His face lights up immediately, and I realize I've stumbled onto the right topic. "Yeah. The Shadow. I found her at a police auction about twoyears ago. She was a mess—barely running, frame was rusted out, missing half her parts."
"How much did you pay for her?"
"Two hundred bucks. Everyone at the auction thought I was crazy, buying a bike that didn't even run right. The auctioneer even tried to talk me out of it." He pulls out his phone—an old model, screen cracked in one corner—and scrolls through until he finds a picture. "This is her now."
I take the phone and look at the image. A dark red motorcycle gleaming in the sunlight, all chrome and sleek lines. She's beautiful, powerful and elegant at the same time, not a trace of rust anywhere.
"You did all this yourself?"
"Every bolt, every wire, every piece of chrome." There's real pride in the words now. "Took me almost a year of working on her whenever I had time. Nights, weekends, any free moment. But she's mine. Built her up from nothing with my own two hands."
"She's beautiful." I hand the phone back, watching his face. "You'll have to take me for a ride sometime. I want to see what she can do."
"You want to go for a ride?" He looks surprised. "Really?"
"Hell, yes I want to go for a ride." I grin at him across the table. "I don't want to sit in a diner all day. Show me around. Show me your life. Show me everything."
"There's not much to see. The shop—"
"I don't care. want to see the shop where you work, the roads you ride, all of it." I lean forward across the table, holding his gaze. "I spent years imagining what your life might be like. Wondering where you were, what you were doing, if you were okay. Now I get to actually see it. That's not nothing, Jay. That's a big deal to me."
His dark eyes search my face then he smiles. "Okay, I'll show you around. But don't say I didn't warn you. It's not exactly exciting."
"I don't need exciting. I just need you."
The words come out before I can filter them or take them back. Jay's eyes widen slightly, and I feel heat creep up the back of my neck. I didn't mean it like that. Or did I? I don't even know anymore.
"I mean—" I start, trying to backtrack.
"I know what you meant," Jay interrupts. "I just—no one's ever said anything like that to me before. That they just need me. That I'm enough on my own."
"Then they were idiots. All of them."
Jay laughs. "You're something else, you know that?"
"So, I've been told." I finish my coffee and wave Betty over for a refill. "Now eat your breakfast. We've got a whole day ahead of us, and I want to see everything."
Jay shakes his head, still smiling, and picks up his fork. We eat in comfortable silence for a while, the sounds of the diner buzzing around us.

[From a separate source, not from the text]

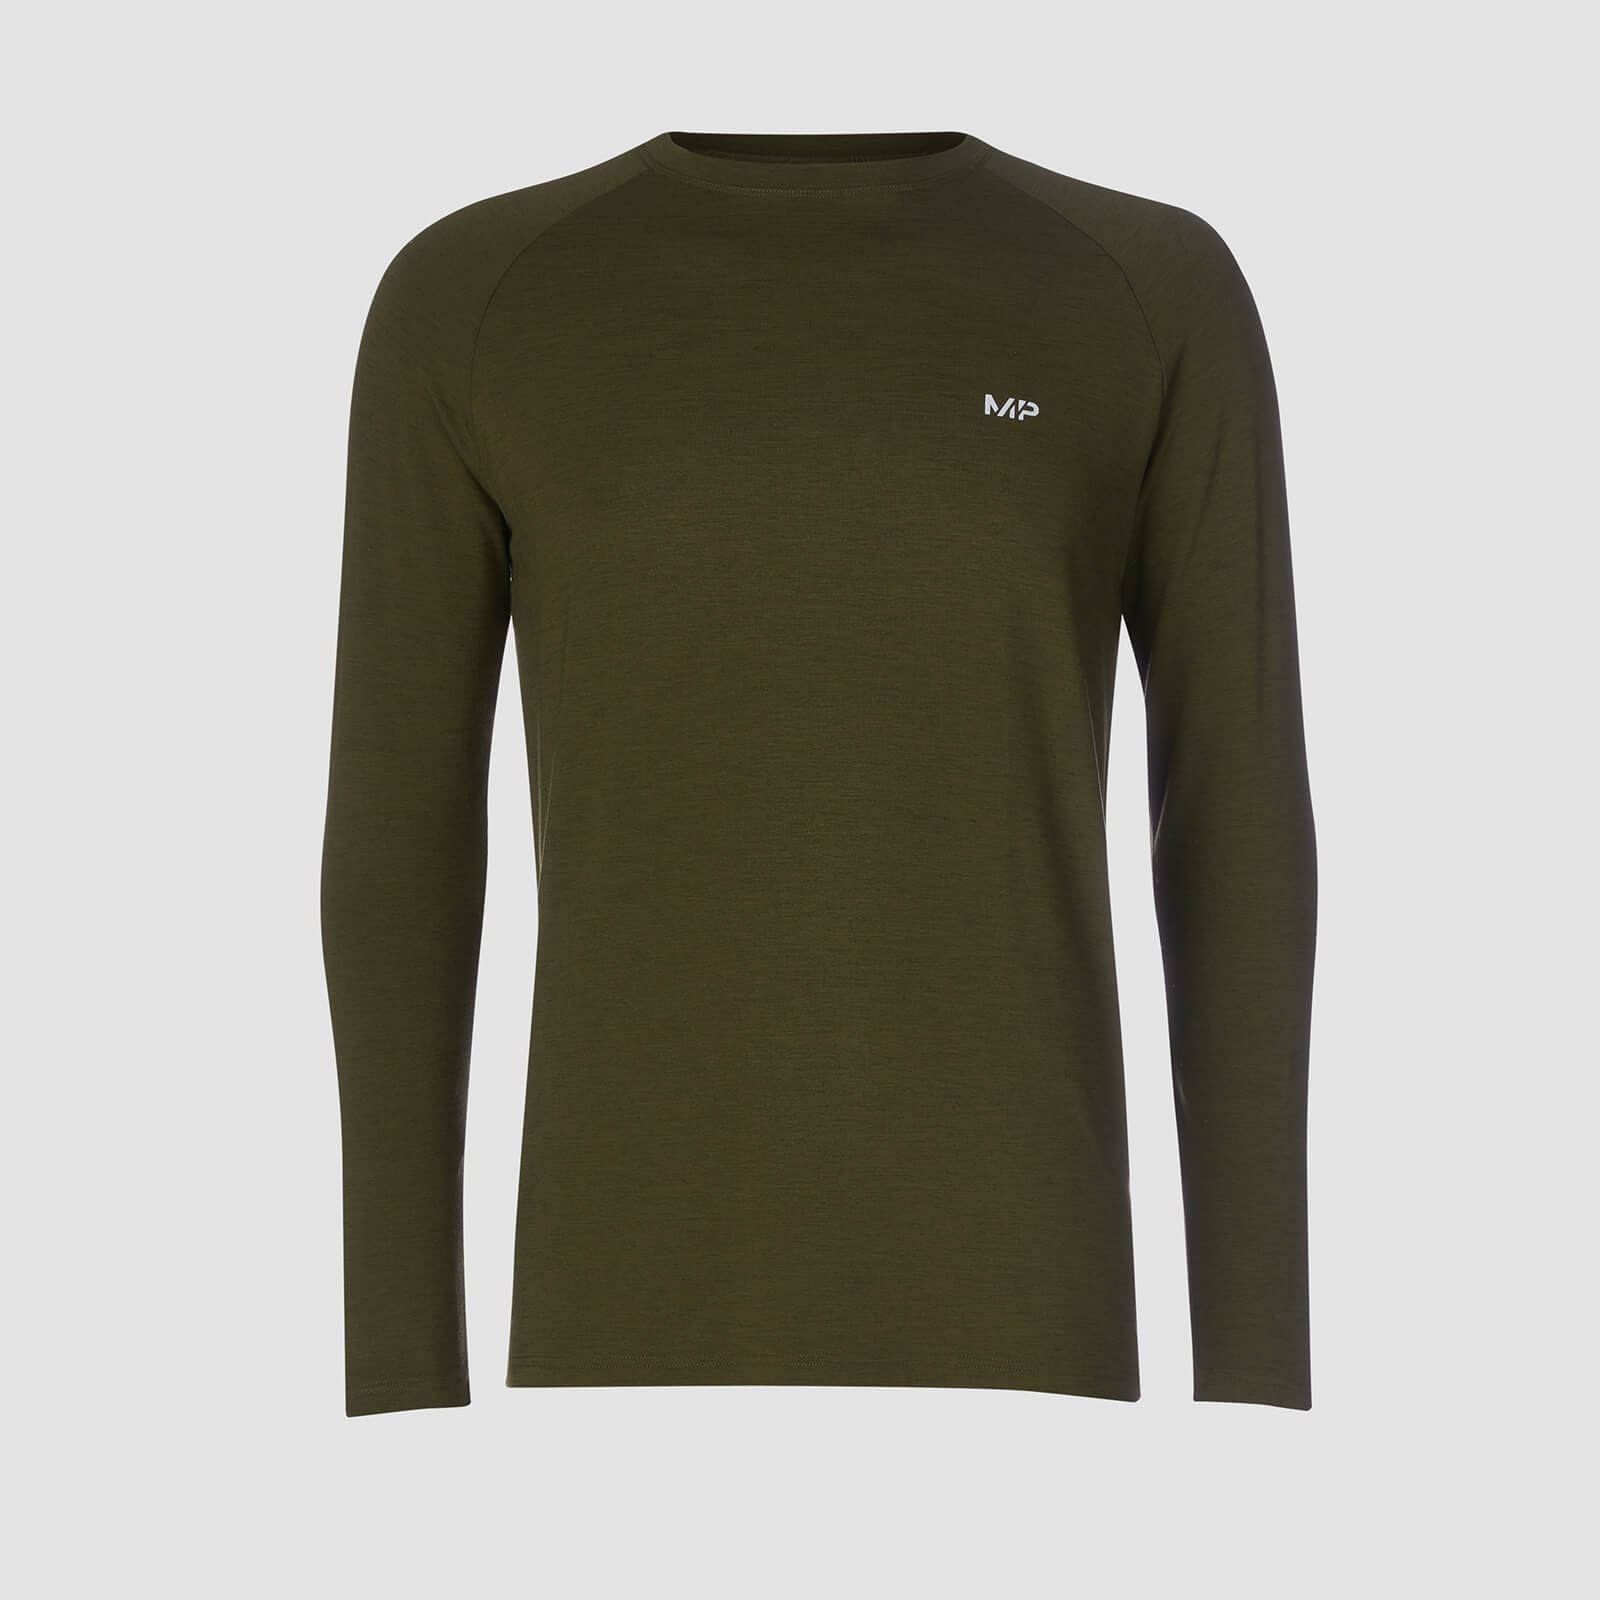 Myprotein T-shirt Performance Long Sleeve MP - Verde militare/Nero - S

It feels normal. That's the strangest part. Sitting here with Jay eating breakfast feels like the most normal thing in the world.

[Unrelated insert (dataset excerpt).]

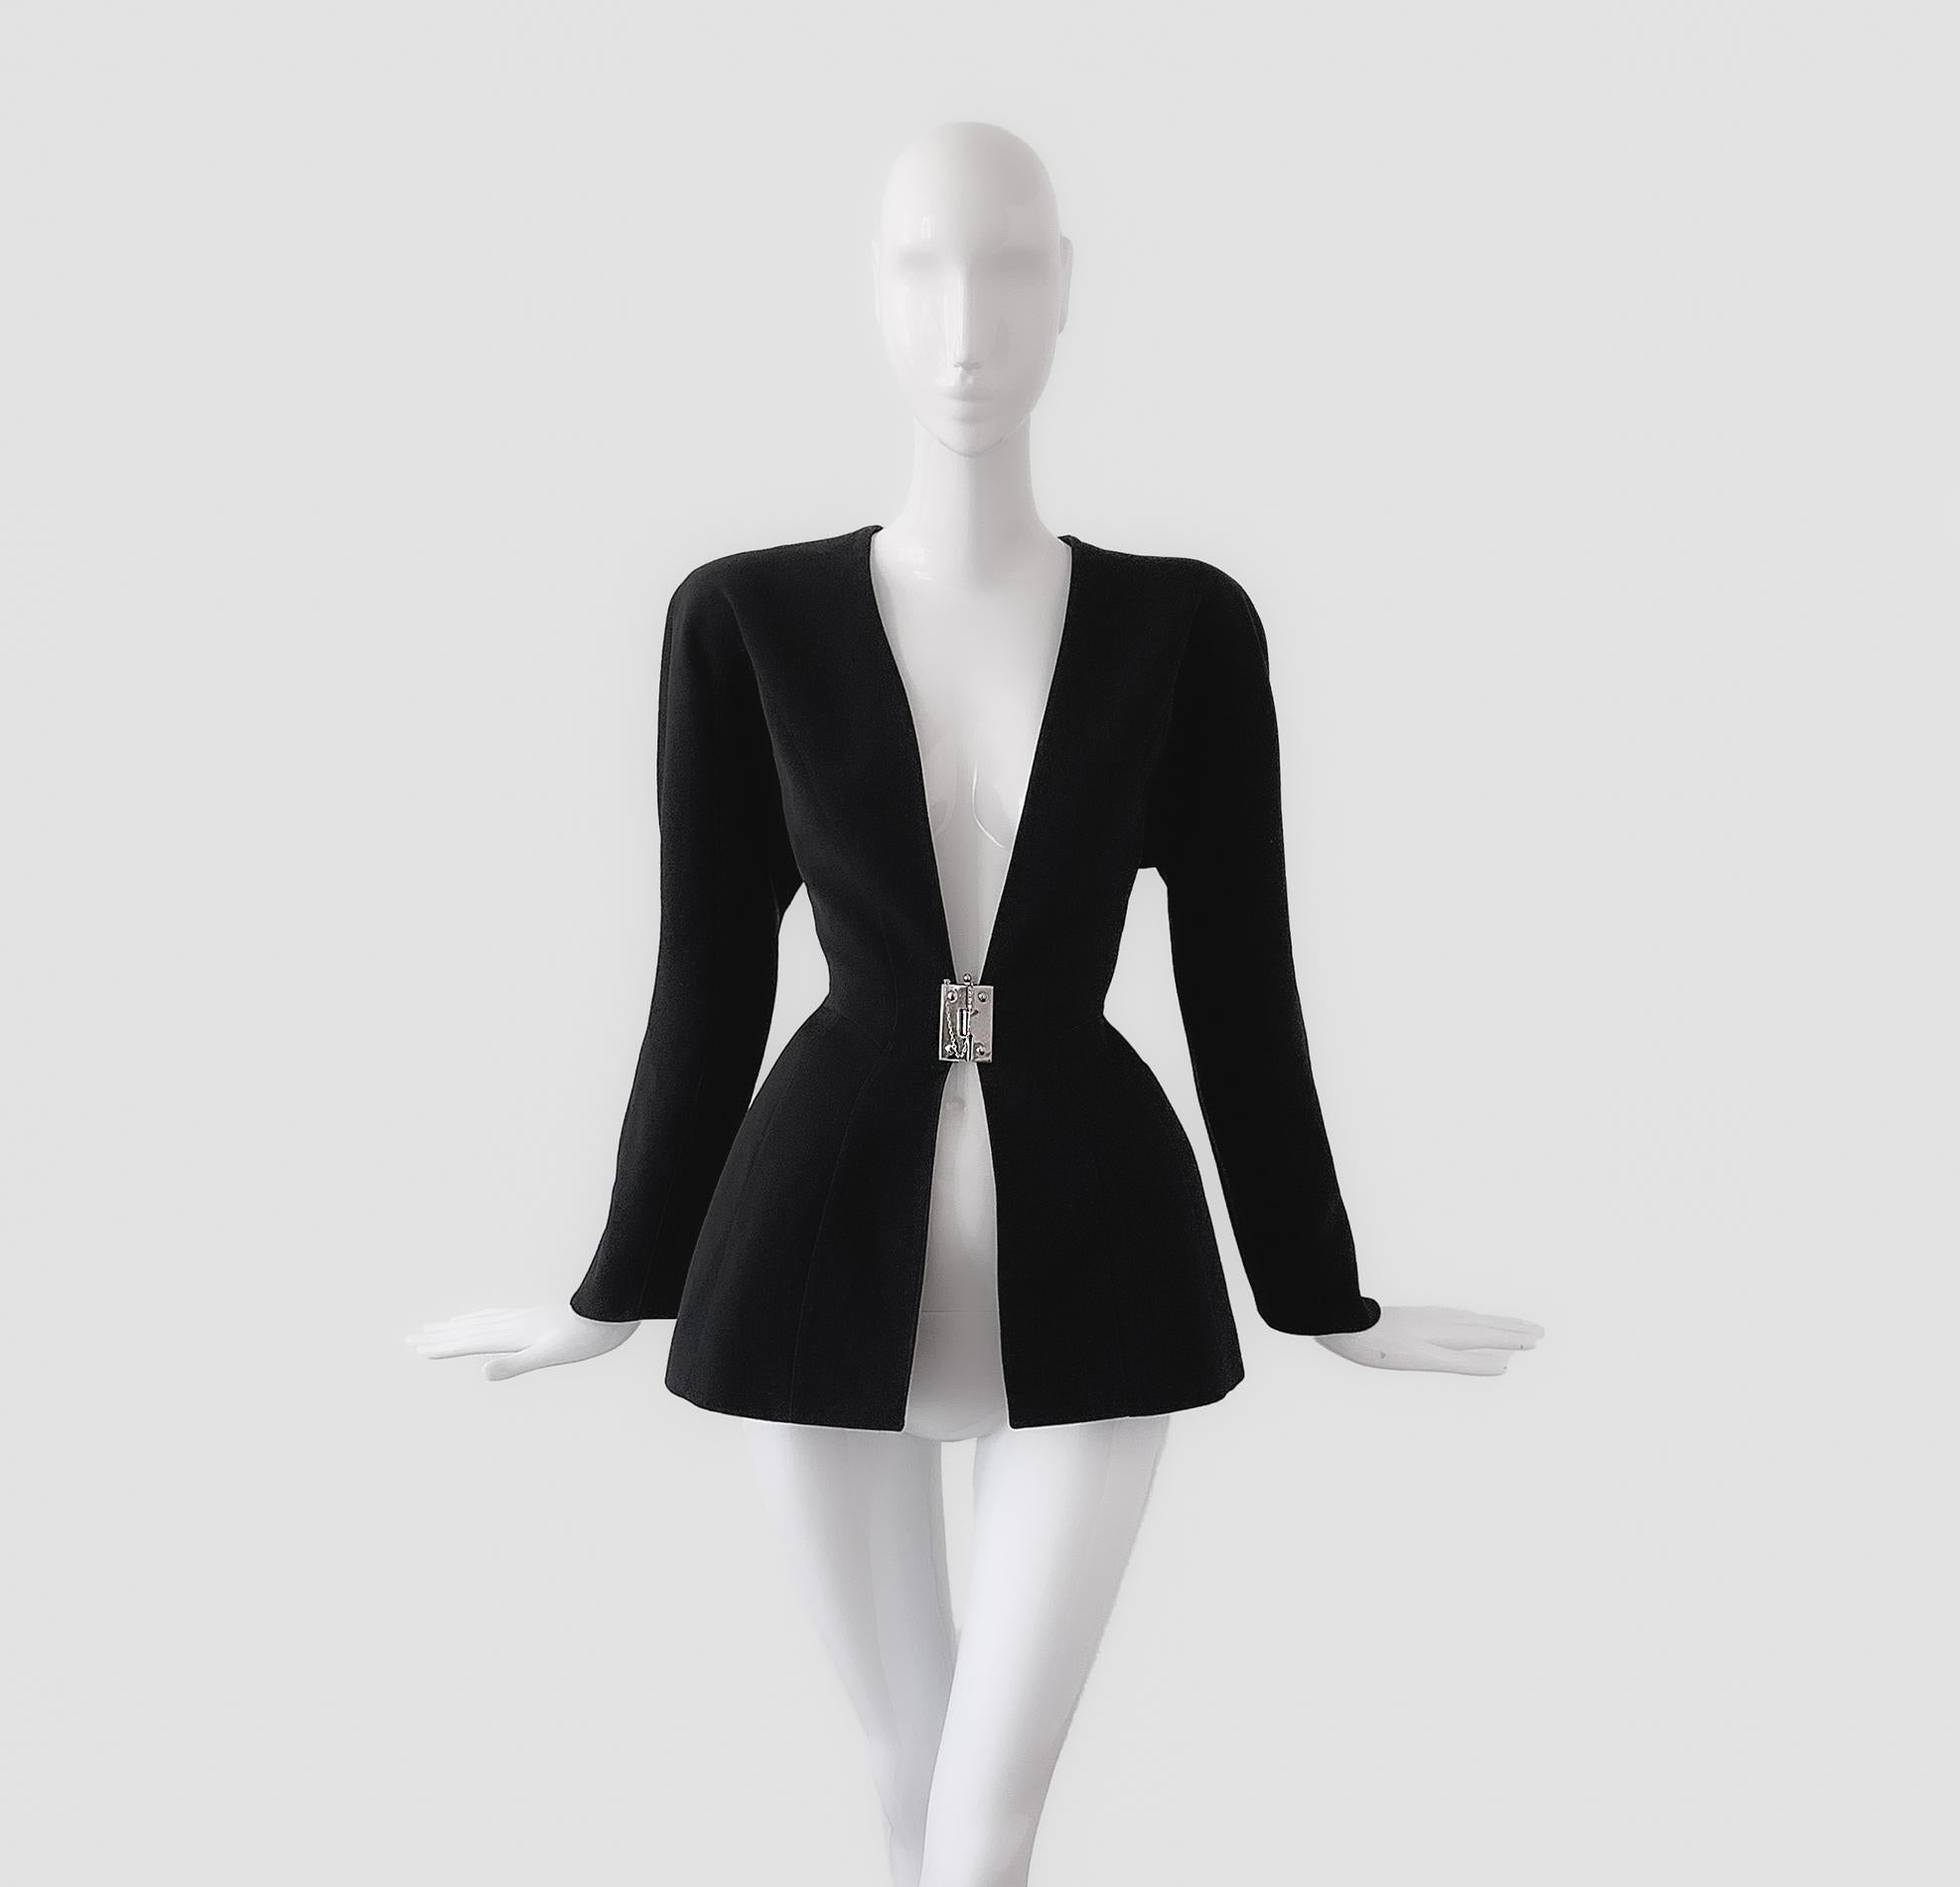 
Stunning extraordinairy MUGLER blazer. This is giving strong femme fatale & Helmut Newton photography vibes. Very rare Mugler ceration with silver metal padlock closure. Black wool jacket with deep V-neck and FABULOUS unique closure.
Typical

Like all the time between was just a pause, a held breath, and now we can finally exhale.
Chapter 20: Jay
On the way back to the motel to get the motorcycle, I'm aware of Ivan in a way that's almost painful. His shoulders are broad under the jacket he's wearing, and he moves with an easy confidence I don't remember. Back then, he was always small, always hunched in on himself. Now he's big and takes up space like he has a right to it.
I can't stop looking at him. Every time he turns his head to glance at something—a bird, a shop window, a car passing by—I'm watching. Every time his arm brushes against mine as we walk, it sends a jolt through me that I have to fight to hide.
This is so fucking bad.
He's here because he found his foster brother. He's not here for whatever I'm feeling. These feelings that are getting stronger with every passing hour.
If he had any idea what was going through my head right now—the way I want to pull him close—he'd get in his truck and never look back.
"Are you okay?" he asks, glancing over at me. "You got quiet all of a sudden."
"Yeah. Just thinking about what to show you first. Trying to plan the route in my head."